Figure 4. Response of a technical bat detector, an anemometer and wind-sensitive interneurons of T. cantans to bat attacks.

(A) The wind generated by an approaching bat measured by hot-wire anemometry. (B) The afferent activity of wind-sensitive interneurons in the ventral nerve cord of T. cantans was simultaneously recorded by a hook electrode. Three different neuronal units were clearly discernable by means of spike amplitude. (C) The neuronal activity of wind-sensitive interneurons (upper traces) of four different individual insect preparations recorded during bat attacks. Grey traces in C show the simultaneous activity of a technical ultrasound-based bat detector.

Figure 5. The minimum detection distance and minimum detection time derived from a first neuronal response of wind-sensitive interneurons to approaching bats.

(A) The minimum distance between bat and preparation eliciting a first response of wind-sensitive interneurons in 12 individuals of T. cantans and one individual of Ruspolia nitidula (R1). Numbers in A represent the number of bat approaches. (B) The average minimum time lag between a first nervous response of wind-sensitive interneurons to approaching bats and bat landing (contact with the insect preparation). Asterisks in B indicate p<0.05 which is the result of a two-way ANOVA on ranks followed by a Dunn's post hoc test. (C) A sector-wise comparison of such minimum detection times. Numbers in bars represent the number of bat approaches observed in each sector. * in C indicates p<0.05 as the result of a Kruskal Wallis ANOVA on ranks followed by a Dunn's post hoc test (N = 12 insects). (D) A schematic view of the flight arena and the definition of sectors used in C. The arrow in D indicates the direction of the remaining cercus. For an explanation of box plots see figure 3.

Figure 6. Neuronal response of wind-sensitive interneurons to bat attacks.

(A) The average number of spikes per burst fired by all three wind-sensitive interneurons plotted against the distance between bat and insect preparation. (B) The average maximum instantaneous spike rate of a population of three different wind sensitive units. Data were obtained from 52 platform landings (6 T. cantans individuals).

Figure 7. Analysis of the response of three different wind-sensitive interneurons to bats approaches.

Three different wind-sensitive interneurons were classified according to their extracellular spike amplitudes into small, medium, large units. (A) The first response of different interneuron classes shown as frequency histogram. Data summarized in A was obtained from 166 platform landings (15 T. cantans individuals). (B) The average number of spikes of different wind-sensitive interneurons counted in time windows of 100 ms (125 platform landings obtained from 15 T. cantans individuals).
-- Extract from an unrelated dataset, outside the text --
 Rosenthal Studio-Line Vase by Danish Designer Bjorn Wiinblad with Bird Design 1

A significant negative correlation of the average spike count with bat-to-preparation distance was found for large and medium units (p<0.001, cc = −0.993 (medium), cc = −0.965 (large), N = 12, Spearman Rank Order correlation).
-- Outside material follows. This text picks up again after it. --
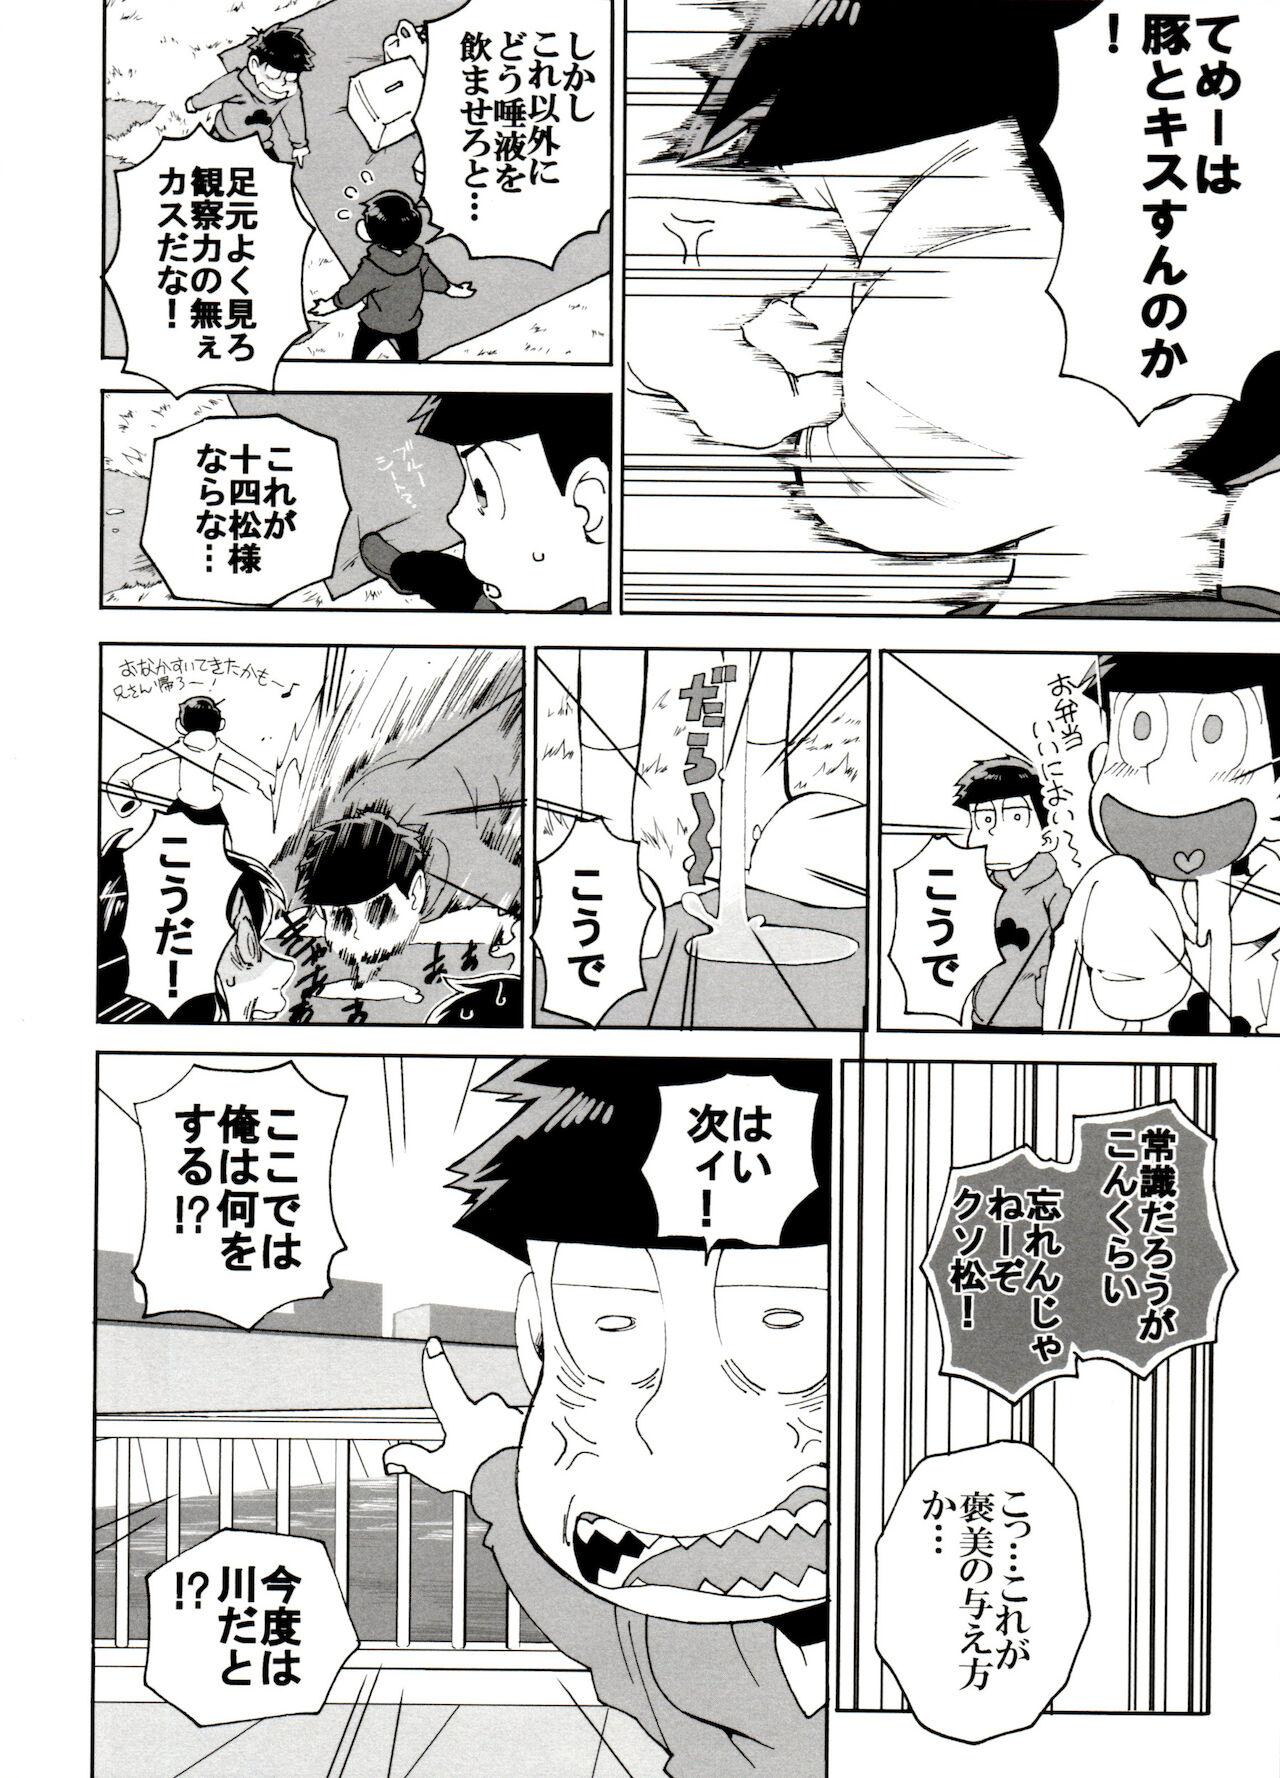 Couple Fucking SM Matsu 2 - Osomatsu san Leaked - Page 10

Figure 8. Singing posture of tettigoniids.

Singing posture of T. cantans (A), T. viridissima (B) and Mecopoda elongata (trilling species) (C). During singing males lower their abdomen and lift their front wings. Note that this singing posture increases the distance between cerci (arrow) and wings.

Figure 9. Setup for the measurement of the response of wind-sensitive interneurons to wind generated by approaching bats.

(A) Close-up of an insect preparation showing the remaining cercus (1), the recording electrode (3) and indifferent electrode (4). Inset in A: The cercal apparatus of a T. cantans male with wind-sensilla. (B) Bats were attracted to meal worms placed on top of a wire mesh covering a loud speaker (3) broadcasting beetle rustling noise. A preparation of T. cantans (1) was placed close to the loudspeaker near the tip of a hot-wire anemometer (2 in A and B). Echolocation calls emitted by bats were measured by means of a technical bat detector (4).